Genau wie jemand, der eine VR-Brille trägt, sich mit den Ereignissen des computer-animierten Spiels zu identifizieren beginnt und so sich über Dinge freut oder sich vor vermeintlichen Gefahren fürchtet, obwohl der Spielende selber nichts damit zu tun hat, beginnt sich die ewige spirituelle Seele mit dem Körper und der Welt zu identifizieren.

Es ist nicht so, dass die Welt an sich nicht real ist, aber die Art und Weise wie wir sie wahrnehmen ist illusorisch. Wenn ich glaube ich bin dieser Körper und mich damit identifiziere, obwohl ich eigentlich nur der Besitzer des Körpers bin aber nicht der Körper selber, dann bin ich in Illusion.


Virtuelle Illusion vs. reales Leben


Die Wahrheit existiert unabhängig davon wie wir sie wahrnehmen. Wahrheit entdecken bedeutet die Bedeckung des falschen Egos zu entfernen. Somit ist die Forschung nach Wahrheit in erster Linie ein innerer Vorgang, denn die Bedeckung befindet sich in unserem eigenen Bewusstsein.6 Jemand der dies alles durchschaut hat, beginnt die Dinge so zu sehen wie sie sind und erkennt, dass er verschieden vom Körper ist.

„Ein Mensch im göttlichen Bewusstsein weiss im Innern stets, dass er in Wirklichkeit nicht handelt, obwohl er sieht, hört, berührt, riecht, isst, sich bewegt, schläft und atmet.

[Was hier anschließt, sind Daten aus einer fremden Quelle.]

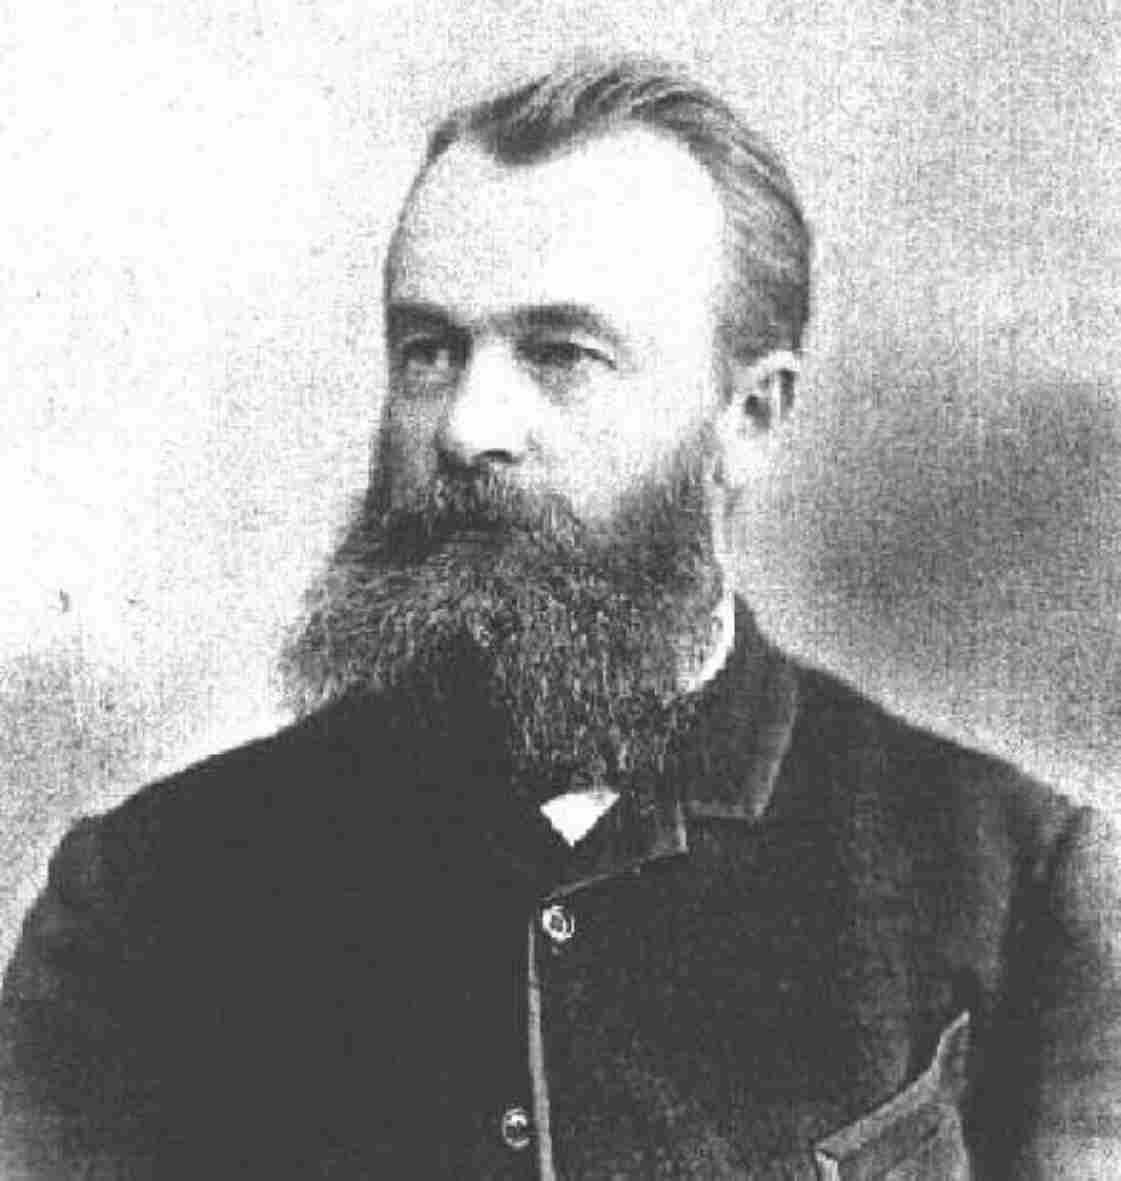 Alexander von Schlippe

Denn während er spricht, sich entleert, etwas annimmt, seine Augen schliesst, weiss er immer, dass nur die materiellen Sinne mit ihren Objekten beschäftigt sind und dass er selbst darüber steht." 7

Während die moderne Konsumgesellschaft neue Formen von Illusionen kreieren und diese als Fortschritt bezeichnen, fordern uns die Jahrtausend alten heiligen Schriften auf,die Realität des echten Lebens zu erforschen, aus dessen Illusion es zu erwachen gilt. „Komme von der Unwirklichkeit zur Wirklichkeit, von der Dunkelheit zum Licht, von der Sterblichkeit zum ewigen Leben!" 8

Virtual Reality wirbt mit Sprüchen wie `Wieso ein Game spielen - Lebe es! ` Doch weshalb sollten wir ein Computerspiel leben, wenn es das Leben selbst zu entdecken gilt?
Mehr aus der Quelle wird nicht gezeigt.